Meer informatie
Met de herstelconsole van Windows hebt u beperkte toegang tot de NTFS-, FAT- en FAT32-volumes zonder de grafische gebruikersinterface (GUI) van Windows te starten. In de herstelconsole kunt u:
- Systeembestanden en -mappen gebruiken, kopiëren, hernoemen en vervangen.
- Het starten van services of apparaten bij het opstarten van de computer in- of uitschakelen.
- De opstartsector van het bestandssysteem of de MBR (Master Boot Record) herstellen.
- Partities op stations maken en formatteren.
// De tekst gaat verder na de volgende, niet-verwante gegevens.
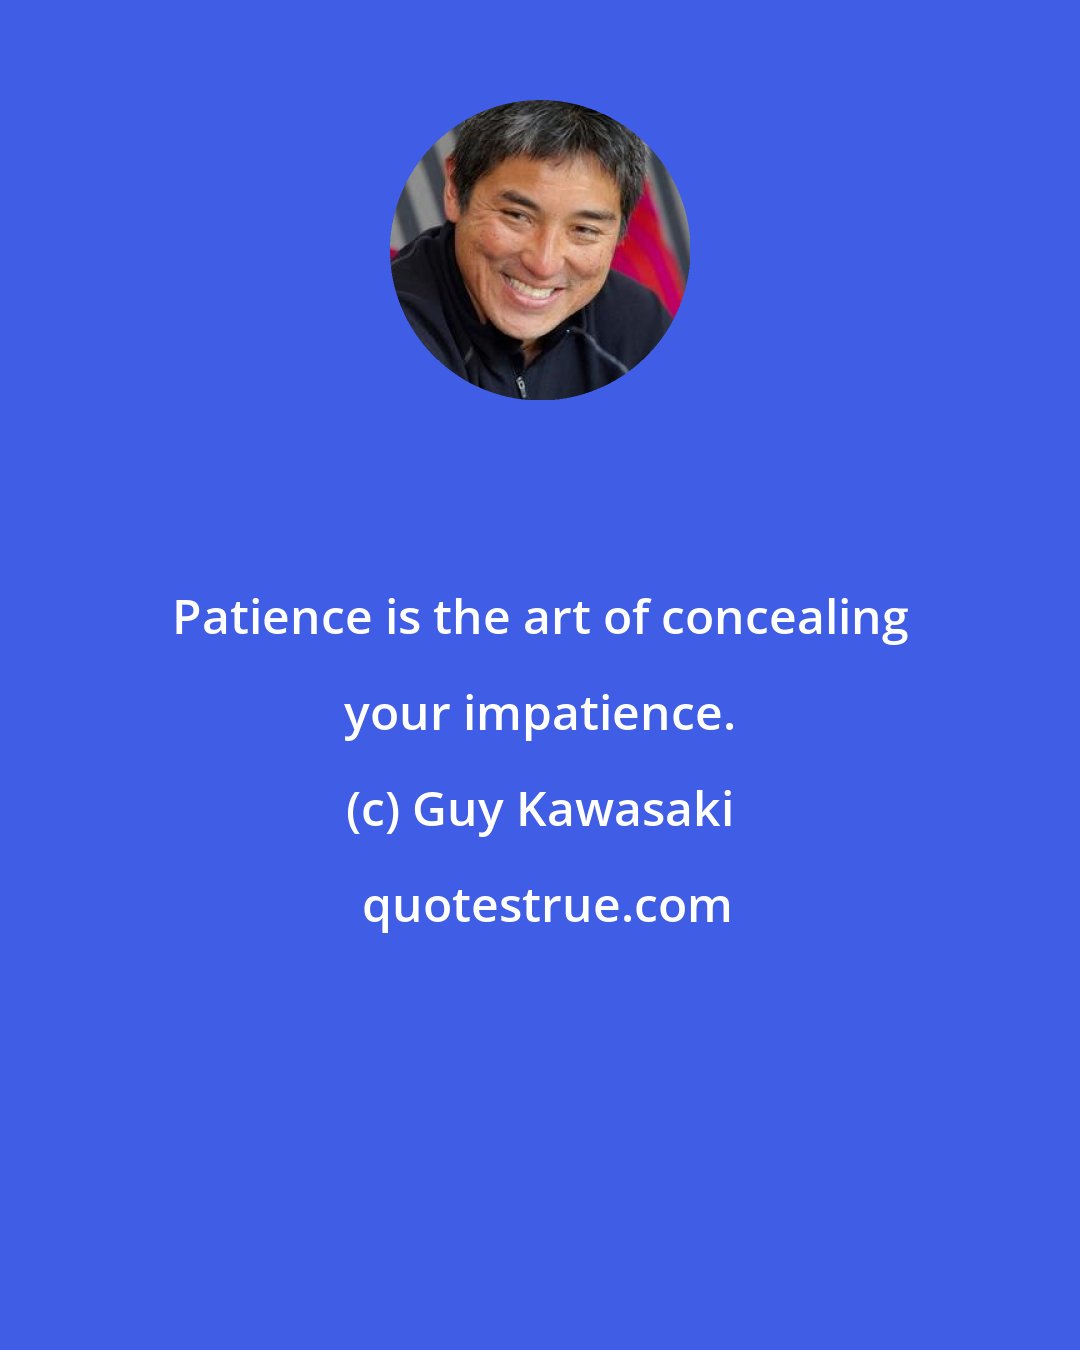 Guy Kawasaki: Patience is the art of concealing your impatience.

Opmerking Alleen de beheerder heeft toegang tot de herstelconsole van Windows. Onbevoegde gebruikers kunnen geen NTFS-volumes gebruiken.
De herstelconsole starten
Gebruik een van de volgende methoden om de herstelconsole te starten:
- Gebruik de Setup-diskettes voor Windows of de cd-rom met Windows om de computer op te starten. In het scherm 'Welkom bij Setup' drukt u op F10 of op 'R' om de installatie te repareren.
- Gebruik het hulpprogramma Winnt32.exe met de schakeloptie /cmdcons om de herstelconsole toe te voegen aan de map Opstarten van Windows. Hiervoor is ongeveer 7 MB vrije schijfruimte nodig op de systeempartitie waarop u de Cmdcons-map en -bestanden wilt plaatsen.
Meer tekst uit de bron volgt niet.